History alumnus and curator of agriculture, food, and fisheries at the Canada Science and Technology Museum, Will Knight, has written about his experiences as an environmental historian in the “Rhizomes” series of the Network in Canadian History & Environment (NiCHE)’s blog, The Otter~La Loutre. The full article, Rhizomes: An Interview with Will Knight, is available online with a short excerpt below explaining how Carleton’s interest and specialization in public history shaped Will’s career path in significant ways.

Tell us about your path from graduate school to your current position/career. What key choices, encounters, or moments brought you to where you are today?

The path from graduate school to my current job was unplanned, a product of circumstance and distraction. Out of all the choices and moments, three are worth relating. One was deciding to narrow my dissertation from a study of Canadian natural history museums to a single one, the Canadian Fisheries Museum (1884-1918) in Ottawa. Refocusing my project led me into a deeper encounter with the working life of one curator and one museum and, more broadly, with material culture. I said to myself, at one point, “This research might be good preparation for a museum career.”

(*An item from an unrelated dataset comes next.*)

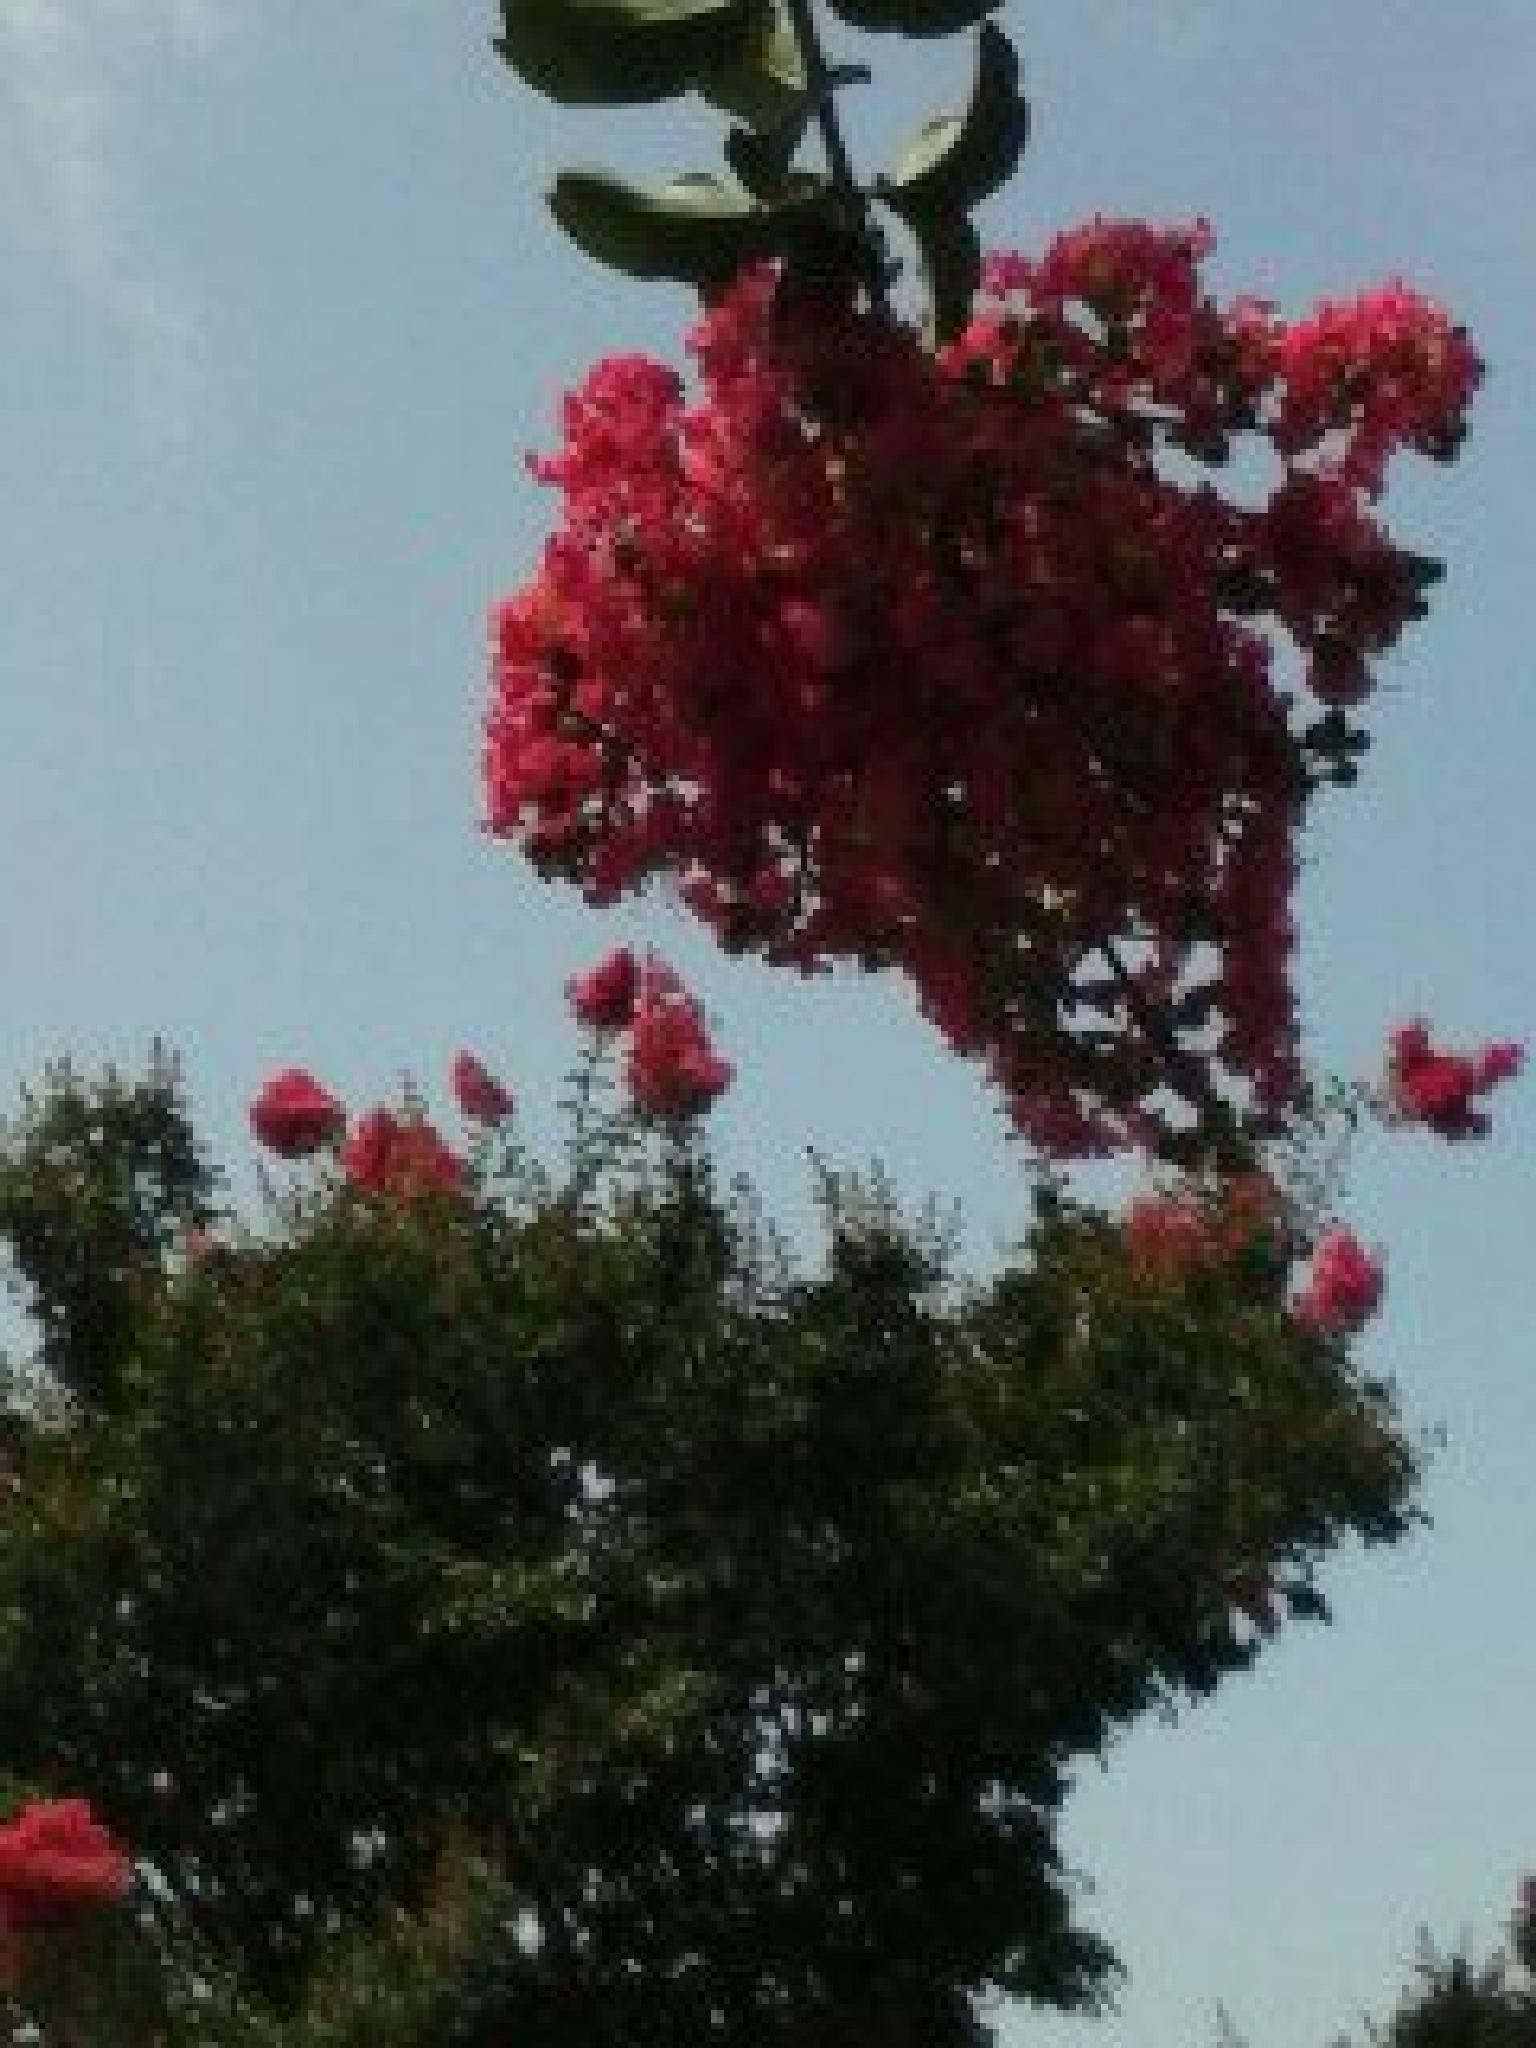 Crape Myrtle tree by deniseshull.hardenburg

More practically speaking, I participated in two public history projects during my studies at Carleton University that both distracted me from my dissertation and set me on a museological trajectory. The first was an exhibition at Ottawa’s Bytown Museum in 2012. I helped Joanna Dean—who supervised my doctoral work—curate “Six Moments in an Urban Forest,” which was based on her research. This was my first experience in museum work, and it was a thrill to see an exhibition materialize and later engage people with key themes in environmental history. The next important moment arrived courtesy of Jim Opp, co-director of the Carleton Centre for Public History. Jim hired me to be project manager for Rideau Timescapes, an iPhone app which was launched in 2013.

Both these projects forced extra innings in my dissertation, but the experience gained was full compensation for the additional pain. And I can’t discount the element of fortunate timing and luck. I defended in late January of 2014 and the curatorial position I now hold was posted in late February. I was interviewed and hired in April and began work in June. With a then 14-month-old child about to enter daycare, the job could not have come at a better time.